Мне сразу же представлялось, как из бабушкиного пальца торчит настоящий малиновый куст. Это было для меня настолько же неправдоподобно, как дерево, выросшее у оленя на голове из вишнёвой косточки. Бабушка смеялась:
– Это только так называется «выросла малина». На самом деле, выросла такая шишка, утыканная колючками.
– И где же она сейчас?
– Я её распарила и вырвала.
И бабушка показывала мне шрам на пальце. Хоть шрам и был настоящим, я так и не верила, что колючки малины могут расти в человеческом теле.
В Абхазии, гуляя в устье реки Гумисты, мы с мамой упали в кусты ежевики. Я потянулась за ягодой и стала падать, а мама меня пыталась удержать. Край берега осыпался, и мы провалились в ежевичные заросли.
Иголки мы выковыривали из рук ещё долго. Но, видимо, я достала их не все. Потому что уже зимой одна из них проросла у меня в пальце. Я никогда не верила, что это возможно!
А колючка взяла и проросла. Вырос такой бугорок, из которого торчали в разные стороны иголки. Если надавить, то они очень кололись.
Года два я её ковыряла, эту колючку – а она всё прорастала и прорастала. Всё-таки однажды, распарив в ванной, я выдрала её «с мясом» навсегда…
Когда я показываю шрам от колючки, все снисходительно улыбаются.
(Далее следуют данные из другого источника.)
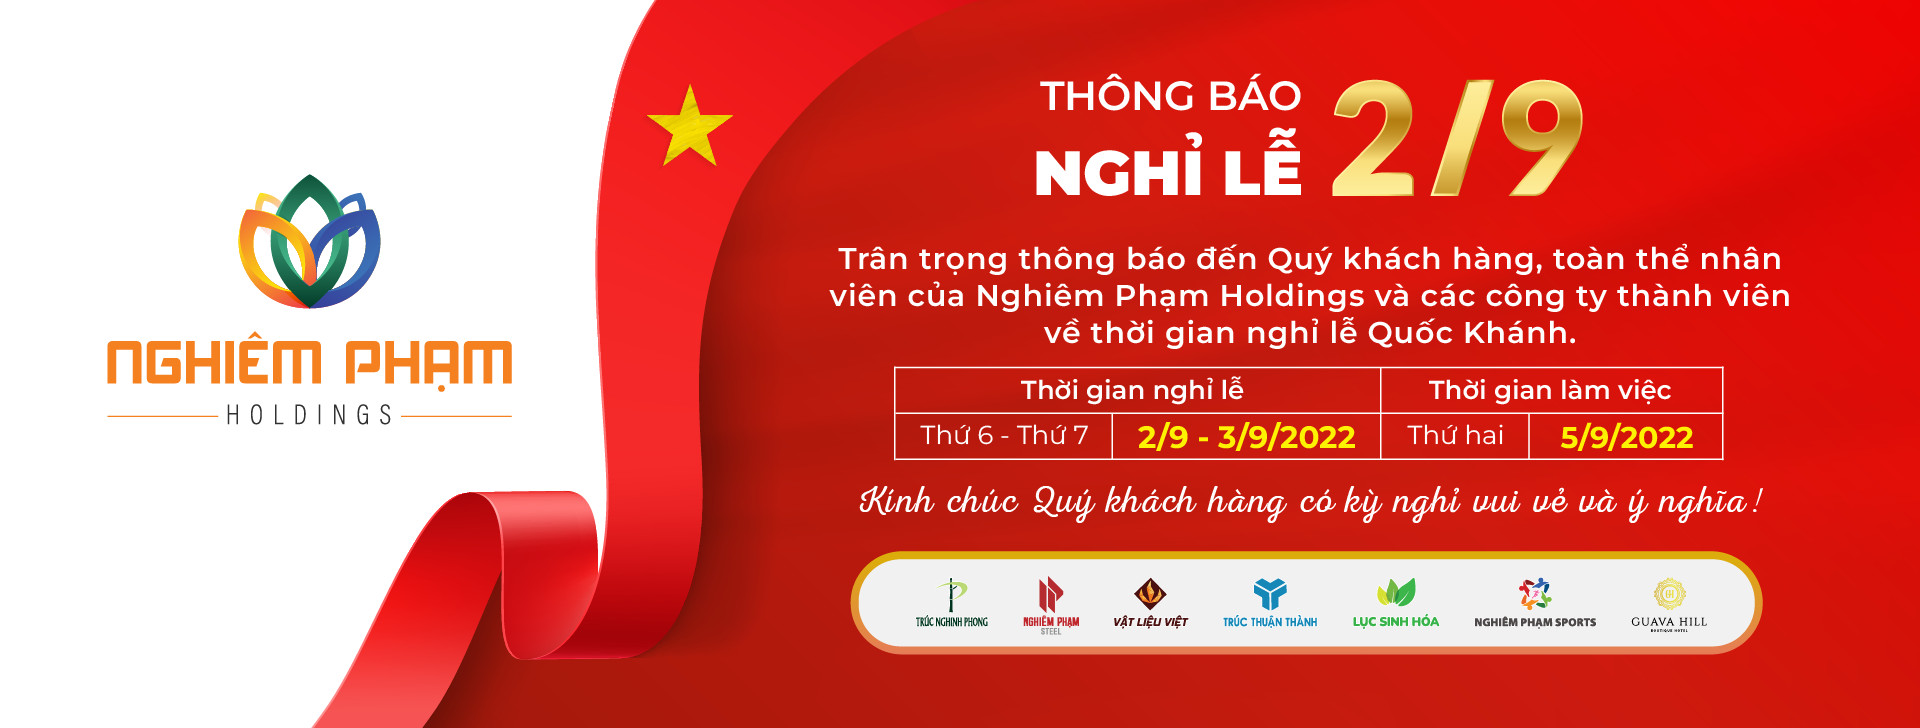 Nghiêm Phạm Holdings thông báo nghỉ lễ Quốc Khánh Việt Nam – 02/09/2022

Тоже, наверное, вспоминают оленя и барона Мюнхаузена, как я когда-то…
Шторм
Неожиданно начался шторм. К морю подойти было страшно – не то, что в нём купаться. Волны уносили с собой камни с пляжа, потом эта смесь воды и камней поднималась на огромную высоту и обрушивалась на берег, растекаясь пеной. В воздухе стояла влага от брызг. Можно было бегать по самой кромке, на безопасном расстоянии от прибоя, и всё равно оказаться мокрым…
После нескольких дней шторма, мы с папой решили дойти до моря: проверить, насколько сильно штормит. Волны уже стихали. С берега они казались совсем не страшными, и папа решил искупаться:
– Не бойся, я только сплаваю – туда и обратно. Я быстро вернусь!
Но мне почему-то было очень страшно.
Когда папа попытался выйти на берег, волна накрыла его и утащила обратно в море. После нескольких безуспешных попыток, он решил отдохнуть и болтался на волнах в полосе прибоя.
Вдруг мне показалось, что папина голова исчезла с поверхности. Я стала бегать по берегу, напрягая до предела свое слабое зрение, всматриваясь в полосу пены.
Рассмотреть мне ничего не удавалось. От отчаяния и бессилия я расплакалась:
– Папа, папа!!!
Я металась в слезах вдоль прибоя. Вдруг ко мне подбежал Гурам. В руках у него была банка для червей:
– Что случилось? Почему плачешь?
Рукой я махнула в море, давясь слезами:
– Папа, папа! Он там!
Гурам быстро разделся и бросился в волны. И тоже исчез.
Этого я уже не выдержала, закрыла лицо руками и зарыдала в голос. Вдруг чья-то мокрая рука потрясла меня за плечо. Я открыла глаза и увидела папу:
– Не плачь, успокойся – вот же я. Живой и здоровый!
Рядом улыбался Гурам.
– Гурам нашёл меня в волнах, показал, как надо подныривать!
Вот так они с папой быстро выбрались на берег.
Через несколько дней Гурам научил нас всех подныривать под волну, чтобы выйти из прибоя.
Кто знает, может быть именно эти уроки Гурама помогли мне доплыть, когда спустя несколько лет я сама боролась со штормом?
Банан
На второй день после начала шторма мы поехали гулять по Сухуми и, первым делом, пошли на экскурсию по ботаническому саду.
При входе в сад меня больше всего поразили гортензии. Экскурсовод подвёл нас к огромным цветущим кустам и спросил:
– Как вы думаете, что это?
Самые обычные гортензии, которые растут на окне, здесь были огромными кустами и цвели прямо на улице. Они росли вдоль всех дорожек.